This is an attempt at solving the 1 Billion Row Challenge using Elixir and Erlang. The spirit of this challenge is to process a text file with 1 billion lines using just what the languages offer in their standard libraries (i.e. no libraries).
The current best solution in this repository runs the 1BRC in ~85 seconds on a Desktop with an AMD Ryzen 7800X runnning Windows 11 (inside WSL2). I am sure that there are still lots of improvements to be made and I wouldn't be surprised if we could get the execution time down to less than 30 seconds.
Make sure before cloning the project that you've installed Java 21 (e.g. OpenJDK 21) and generated the ~13GB measurements.txt
file using these instructions
The project dependencies are only for generating metrics and graphs from the execution. Use mix deps.get
after cloning to fetch the dependencies.
Use the following commands to build and run the project:
- Building the executable:
mix escript.build
- Running the experiment:
./brc PATH_TO_MEASUREMENTS_FILE
You may clone this repository and add another implementation by creating a module in the lib/brc/implementation
folder.
See Brc.Implementation.Alpha
for inspiration.
When adding a new implementation, use the Brc.Implementation
behavior and implement the run/1
callback: by returning
a map of the results, the main module Brc
will print them out according to the format specified by the challenge creator.

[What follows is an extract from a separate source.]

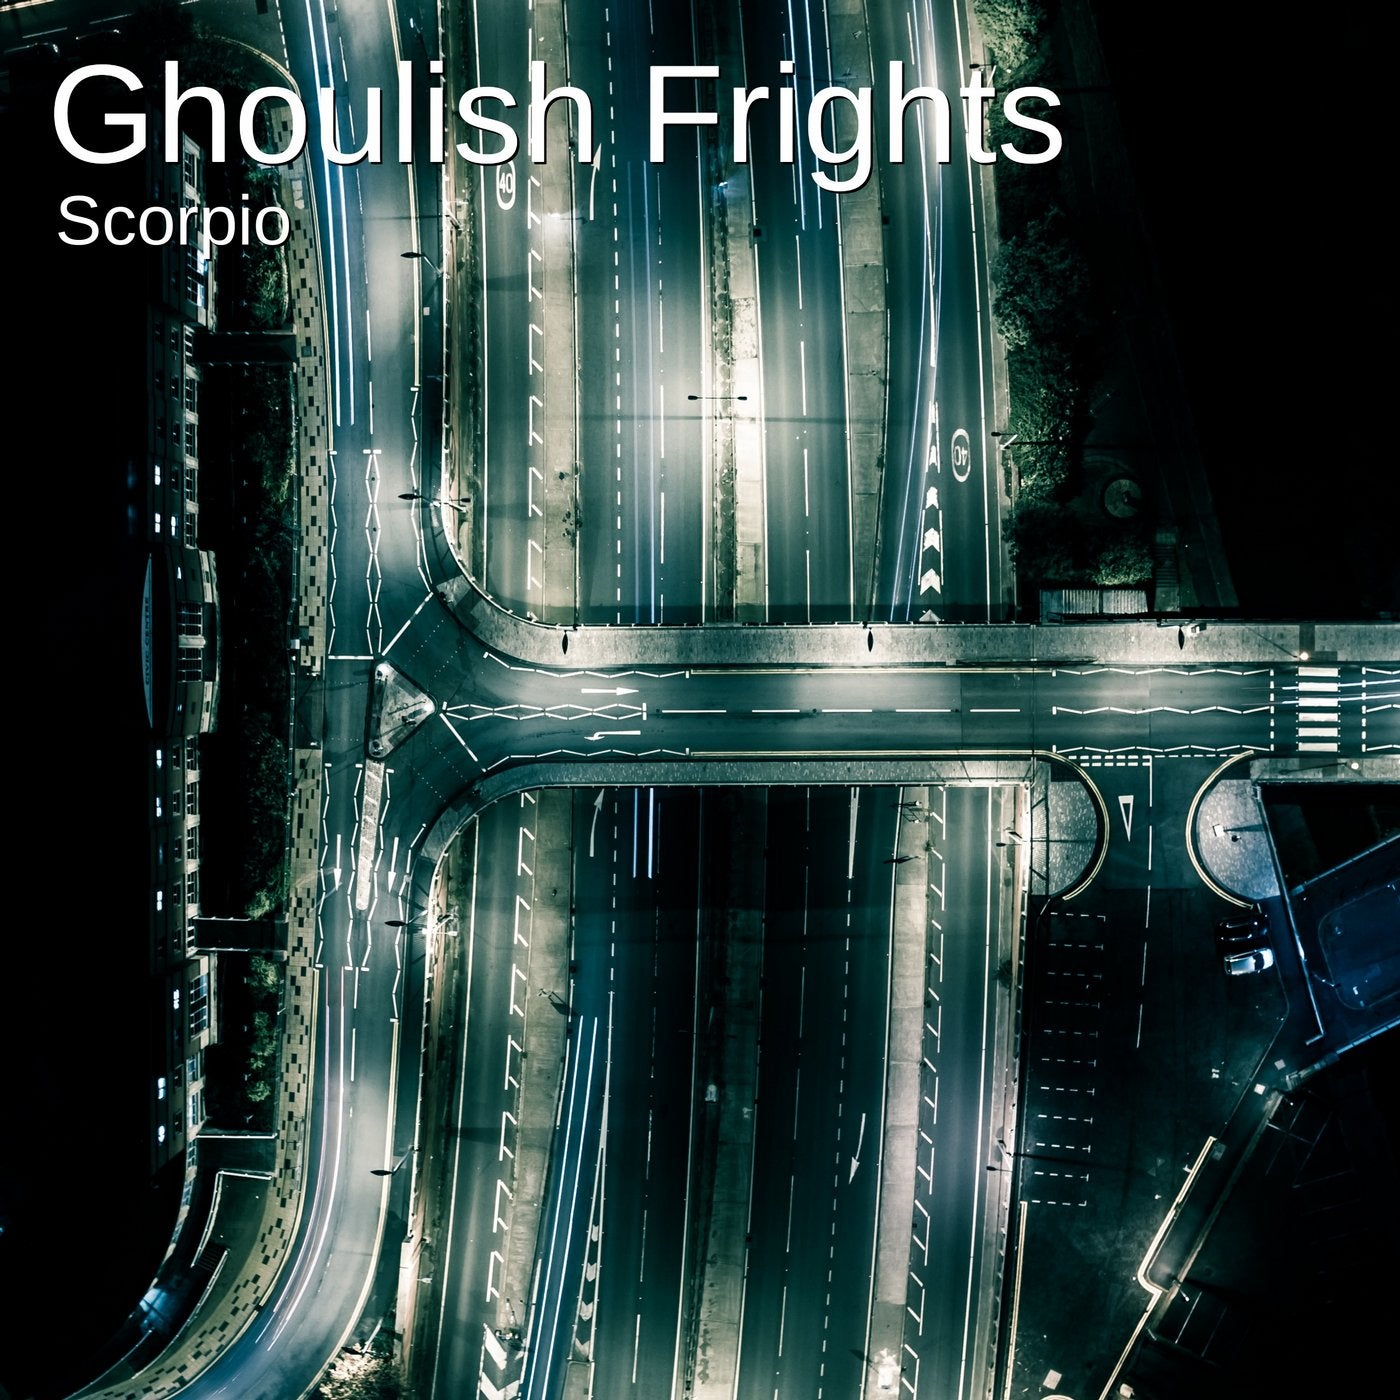 Ghoulish Frights

After creating a new implementation (e.g. Brc.Implementation.Bravo
), run the executable with the -m Brc.Implementation.Bravo
argument.
The main executable supports a -p <integer>
argument which stores in Application.env
the specified number of worker processes to be used.
Specific implementations may read from Application.env
to easily add support for dynamic number of worker processes.
Feel free to contribute by proposing a new solution in a new separate module and open a pull request.